Colton (D–Bensonhurst) and his supporters argued that construction of the waterfront processing station would release long-dormant toxins such as arsenic and pesticides left behind by a city trash incinerator that occupied this spot decades ago. The assemblyman also warned that the plan would clog nearby streets with garbage trucks delivering trash to the facility, and could lead to the accidental detonation of anti-aircraft shells dumped in the bay 50 years ago when a military transport ship flipped over in the water.

“This is a dangerous plan,” the pol said last year when he filed a lawsuit to get an injunction against the plant. “The city has not taken the proper precaution and this is not the place to build it.”

Bunyan tossed Colton’s concerns, arguing that the city would take precautions to protect the neighborhood when building the facility, and that the years when the incinerator was in operation proved that traffic would not be a problem.

“The petitioner’s position is untenable,” Bunyan said in his decision.

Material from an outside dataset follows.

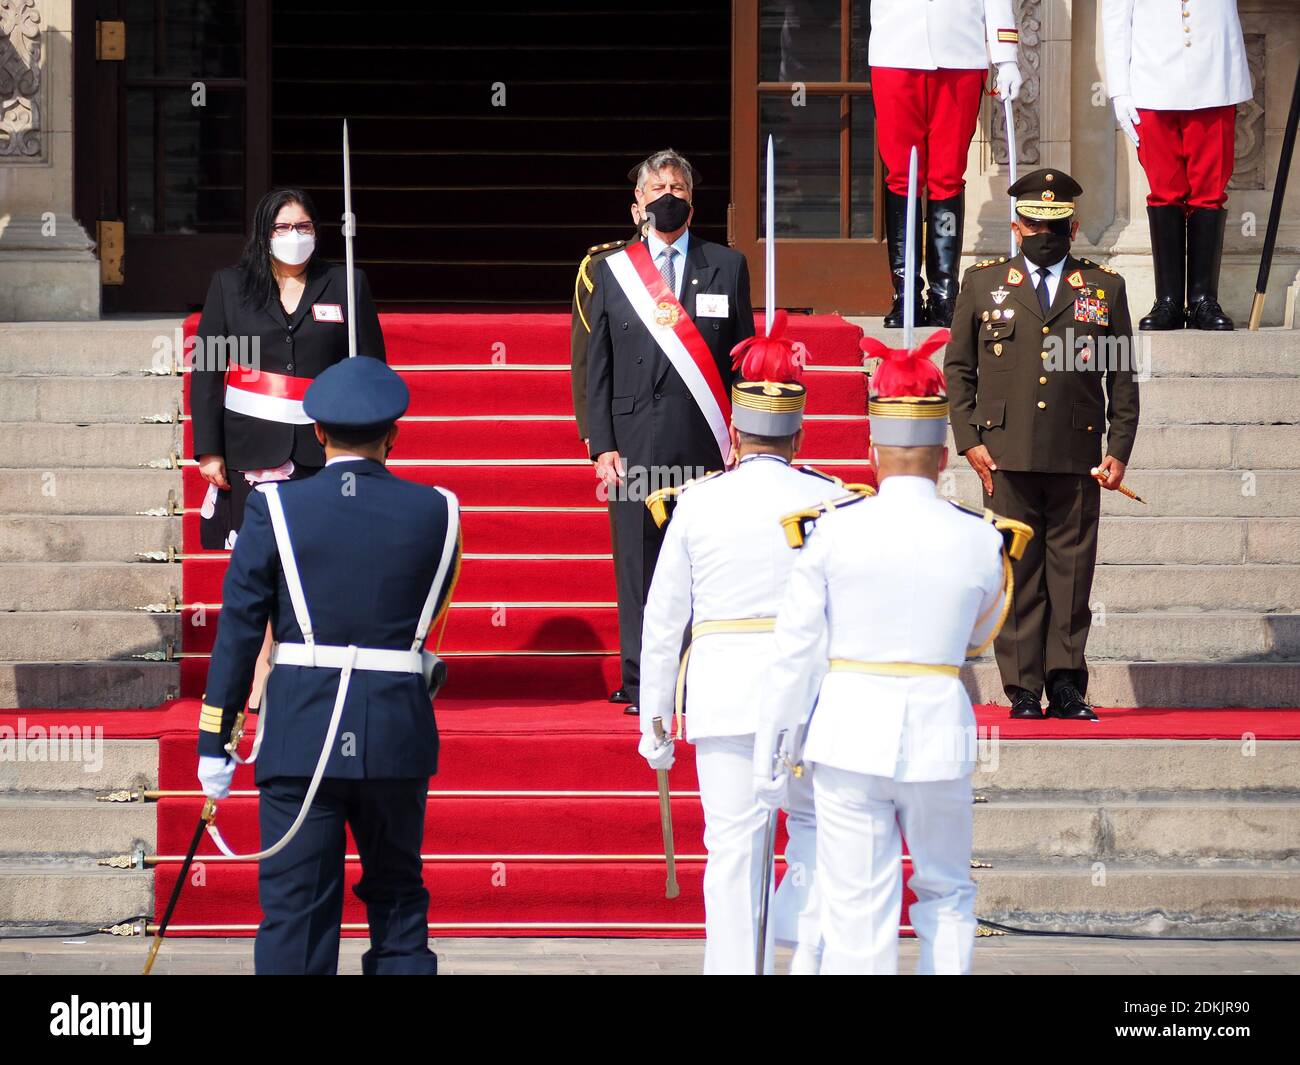 From left to right: Nuria Esparch, Minister of Defense, Francisco Sagasti, President of Peru; General César Astudillo, Chief of the Joint Command of the Armed Forces. The President,  leads the ceremony of awarding the Sword of Honour to the officers, recently graduated, who occupied the first position of their class in the training schools of the Armed Forces. Stock Photo

But the justice did declare that the city has not been completely up front with the public during the planning process, and ordered the Department of Sanitation to post all updates about the construction and maintenance of the station on its website going forward. In his decision, the justice said this would prevent future lawsuits.

“Transparency through timely and adequate disclosure is necessary as a prophylactic measure designed to ward off any future litigation about this project,” Bunyan wrote.

Colton said he found Bunyan’s demand for greater clarity and candidness from the Department of Sanitation encouraging. He was unsure if he would appeal the ruling — though he vowed to continue the battle in some form.

“We’re going to continue to fight the garbage station,” said Colton. “But we might fight it by accepting the judge’s decision and fighting Sanitation, using the information on the website.”

The city is accepting proposals from contractors to build the terminal. There is no time frame yet for the construction.